Kumpulan Berita Terkini Seputar Banyuwangi
English VersionBahasa Indonesia
Sosial  

Mbah Wali Abu Hasan Basri Penyebar Islam di Blambangan

Daftarkan email Anda untuk Berlangganan berita dikirim langsung ke mailbox Anda

Sebarkan Islam dengan Bangun Masjid dan Musala

NAMA Mbah Wali Abu Hasan Basri cukup terkenal di Banyuwangi Selatan. Ulama karismatis yang meninggal tahun 1953 itu sangat dikenal alim dan ikut berjuang melawan Belanda. Sampai saat ini makamnya yang berada di Dusun Sumberkepuh, Desa Kedungwungu, Kecamatan Tegaldlimo, banyak didatangi  peziarah.

Tidak jarang warga yang datang sampai bermalam. Lokasi makam Mbah Wali Abu Hasan Basri berjarak sekitar 10 kilometer dari pusat kantor Kecamatan Tegaldlimo. Tempat makam ini sangat mudah dicari. Selain sudah ada papan petunjuk menuju arah makam, hampir semua warga yang tinggal di Desa Kedungwungu dan beberapa desa sekitar, seperti Desa Kedungggebang dan Desa Kedungasri, sudah tahu letak makam  yang dikeramatkan warga itu.

Pintu masuk menuju makam berupa bangunan gapura besar dengan lebar sekitar enam meter dan tinggi tiga meter. Samping  gapura tertulis jelas Makam Mbah Wali Abu Hasan Basri. Di gapura sebelah kanan terdapat sebuah relief Pangeran Diponegoro.

Setelah memasuki jalan kecil dengan lebar tiga meter, sepintas tidak tampak ada makam.

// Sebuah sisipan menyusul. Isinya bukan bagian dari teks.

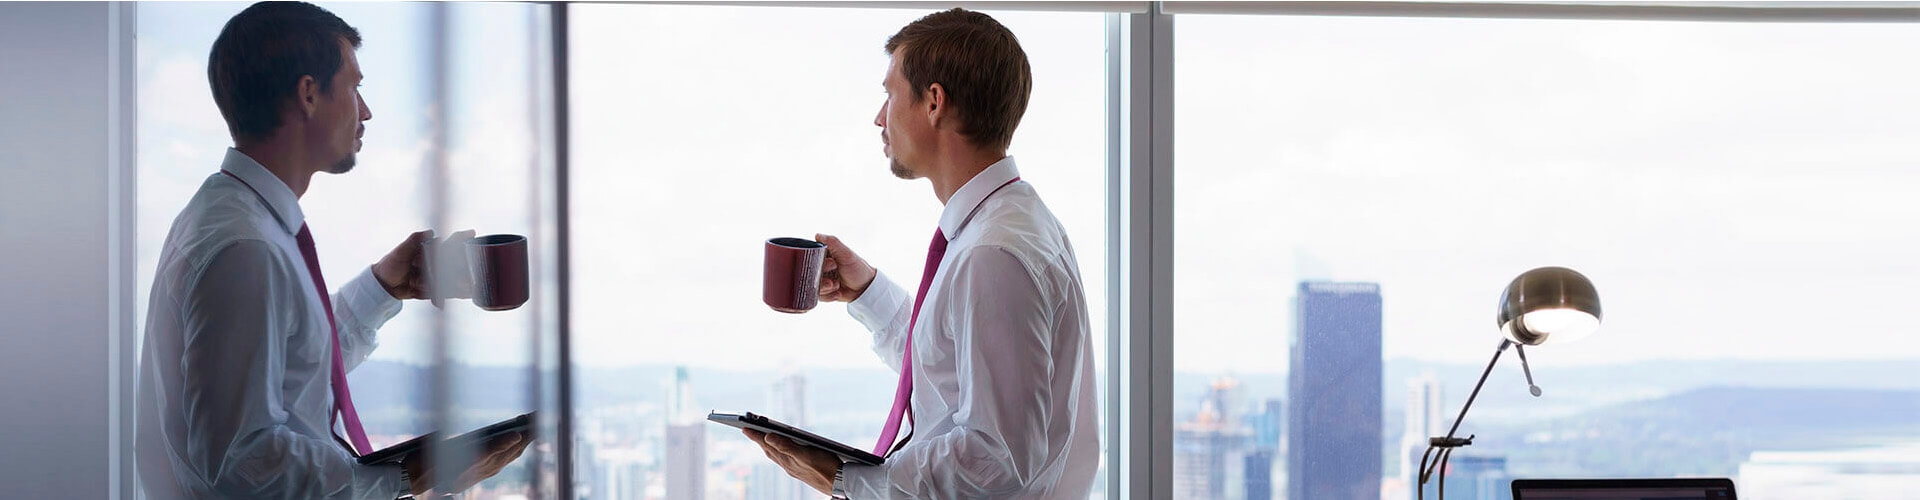 Financiamiento para empresa factoring Internacional - Un hombre con camisa y corbata, con una taza en la mano mirando por la ventana

Yang terlihat hanya bangunan kecil mirip musala yang menyatu dengan rumah. Di musala dengan ukuran lima meter kali enam meter itu ada sumur  dan tempat wudu.

Di musala itu ada lorong kecil dengan lebar sekitar satu meter. Lorong itu ternyata menuju makam Mbah Wali Abu Hasan Basri. Pada dinding dekat lorong itu, ada tulisan daftar buku tamu. Juru kunci makam, Walijan, 72, setiap hari setia menunggu para peziarah yang datang.

“Hampir setiap hari ada warga yang datang,” cetus Walijan. Walijan mengaku tidak tahu persis asal usul Mbah Wali Abu Hasan Basri. Yang diketahui, Mbah Wali ini seorang pengembara dan penyebar agama Islam dari Cirebon, Jawa Barat.

“Datang ke sini tahun berapa, tidak ada yang tahu,” terang menantu Karto Bario, teman Mbah Wali Abu Hasan Basri. Mbah Wali Abu Hasan Basri ini masih keturunan Syarif Hidayatullah atau Sunan Gunung Jati, salah satu Wali Songo yang menyebarkan agama Islam di daerah Cirebon.

Keturunan itu berasal  dari sang ayah Abdul Mu’in dan ibunya Raden Ratna yang dimakamkan di kompleks pemakaman Sunan Gunung Jati, Cirebon. “Jadi garis keturunan beliau ini waliullah,” terangnya. Semasa berkelana dari Cirebon menuju Banyuwangi, Mbah Wali sempat singgah di Gambiran selama dua tahun.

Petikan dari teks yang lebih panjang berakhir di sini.